#### Requirement:
What you should give back is a precise copy of the lines below from the one containing "Calvin Klein Men's Tan Boxers-and-briefs (2)" through the one containing "Ảnh Doraemon cải trang thành sói", with no pictures.

#### Records supplied:
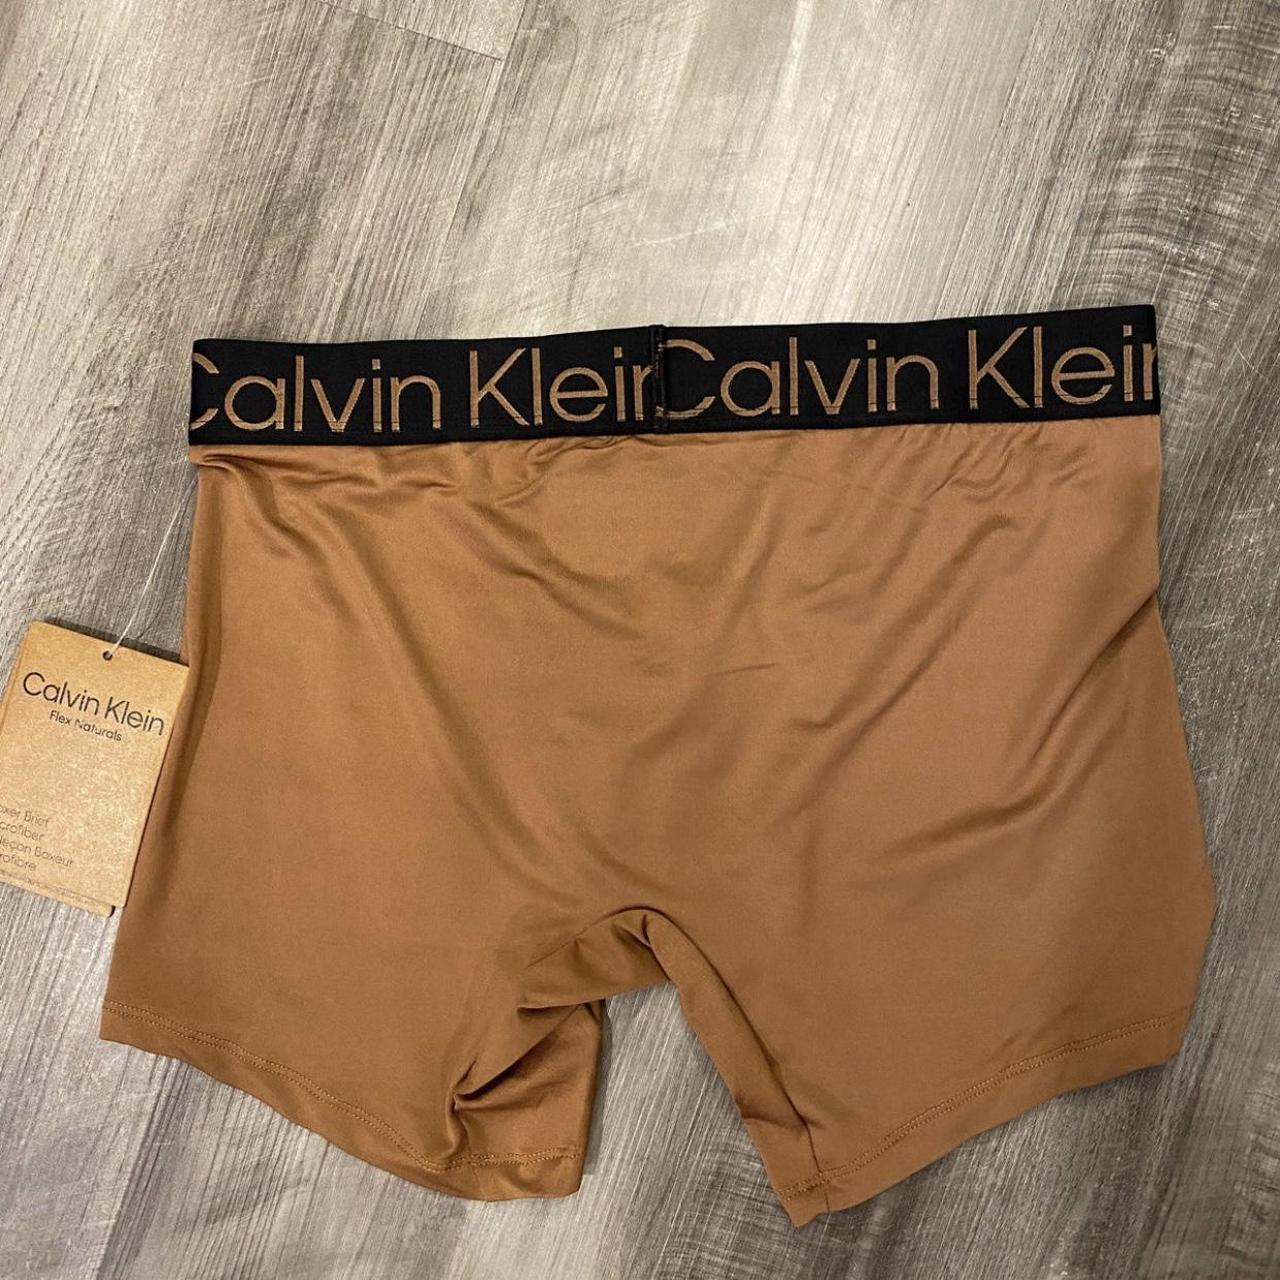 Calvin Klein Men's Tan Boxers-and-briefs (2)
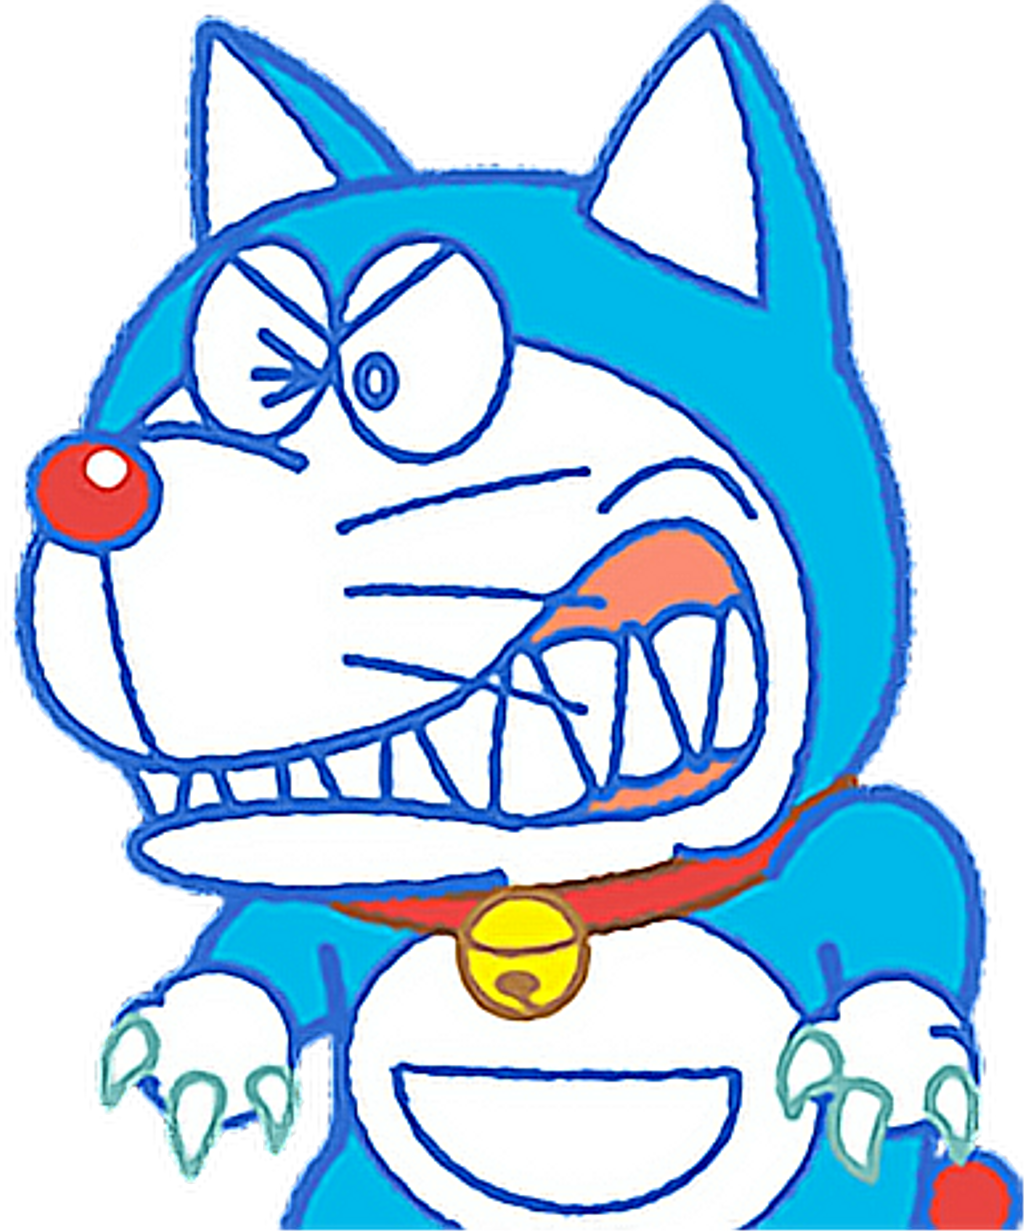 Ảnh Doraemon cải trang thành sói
--
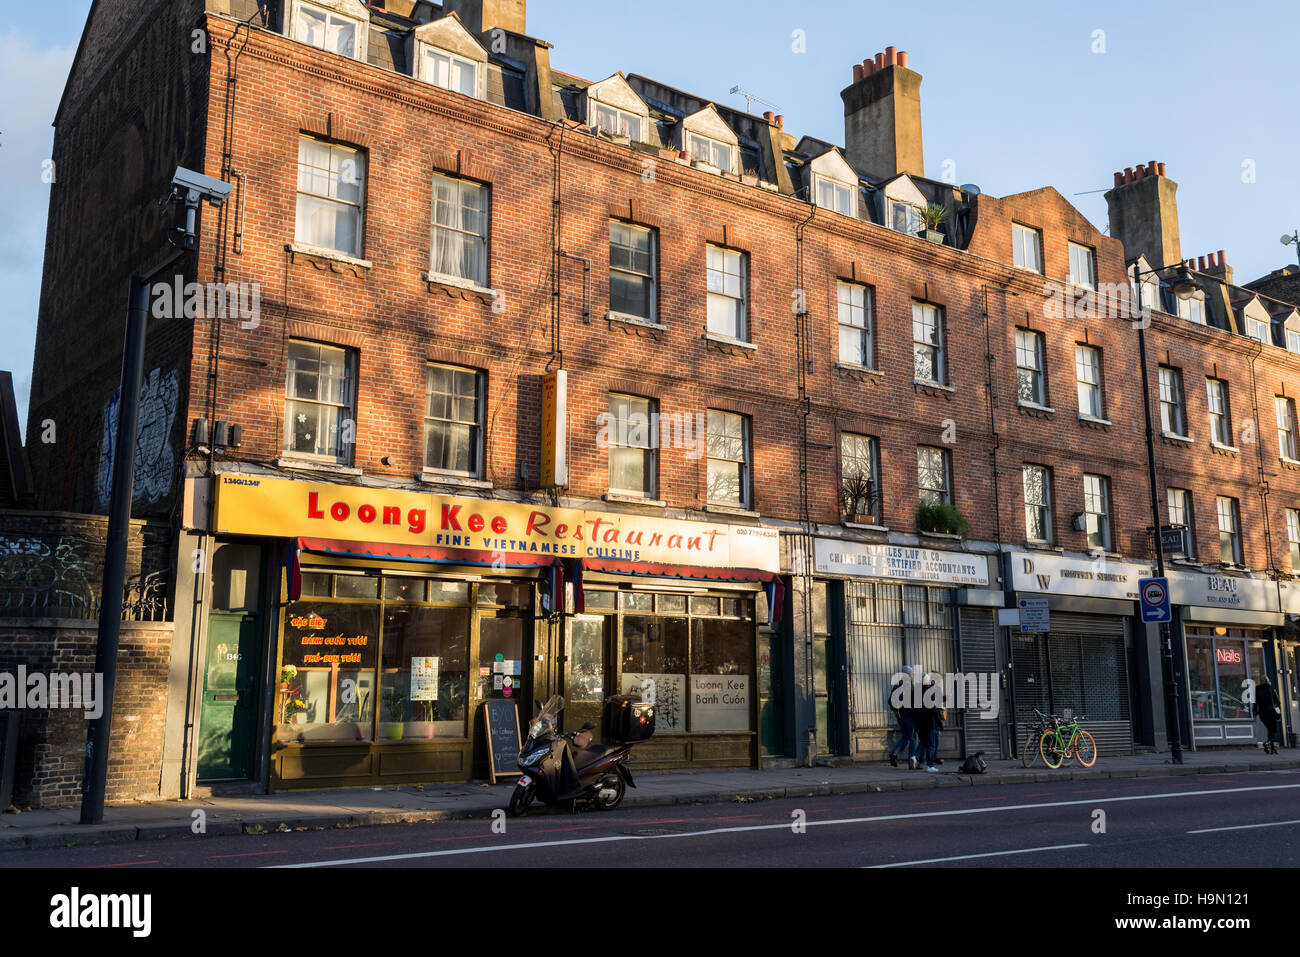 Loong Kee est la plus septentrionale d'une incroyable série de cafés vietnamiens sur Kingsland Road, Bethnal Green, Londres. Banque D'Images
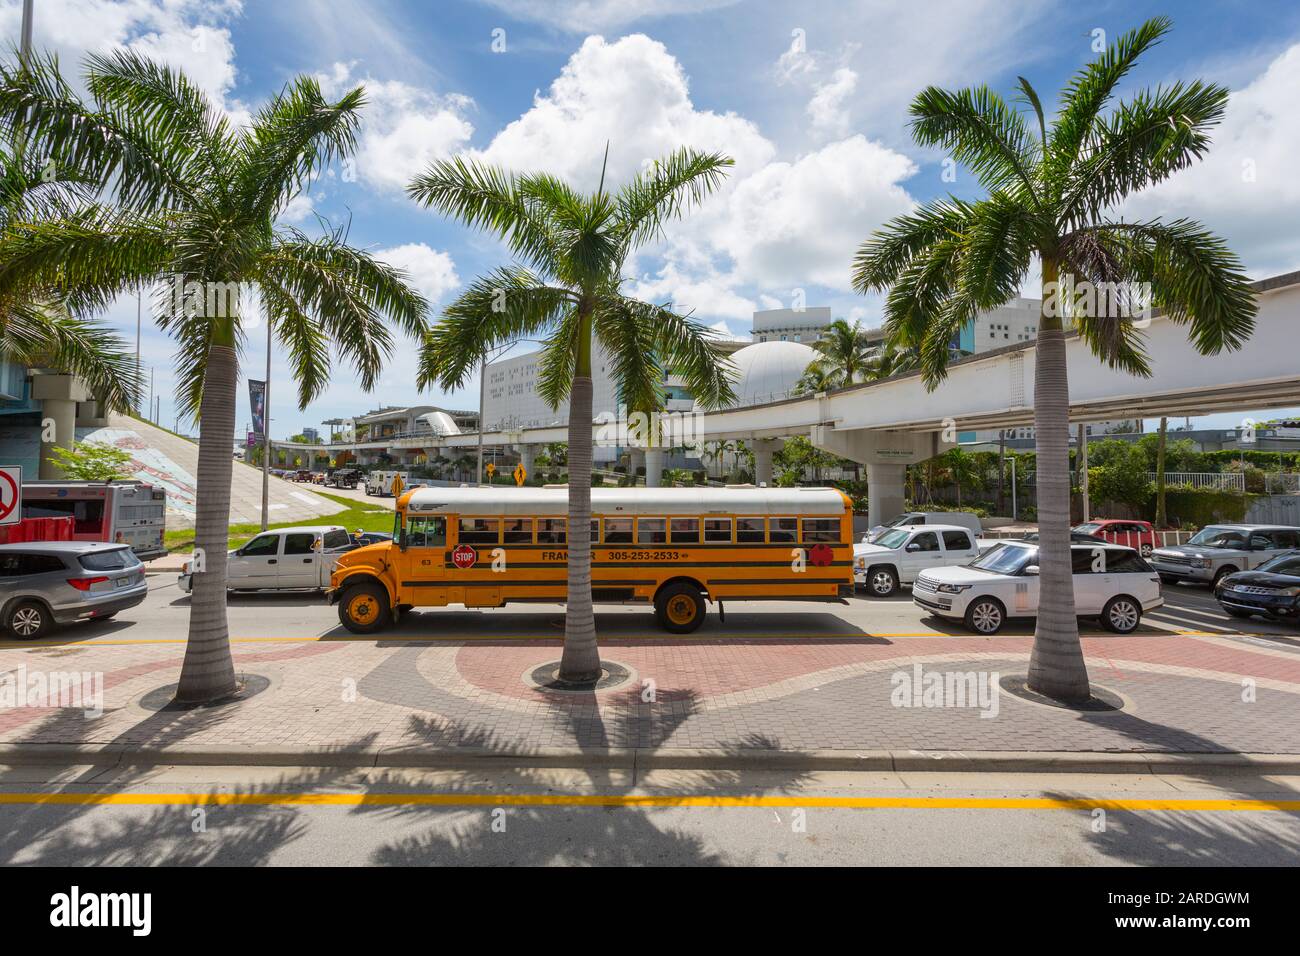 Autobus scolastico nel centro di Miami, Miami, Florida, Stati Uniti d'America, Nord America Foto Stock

#### Answer box:
 Calvin Klein Men's Tan Boxers-and-briefs (2)
 Ảnh Doraemon cải trang thành sói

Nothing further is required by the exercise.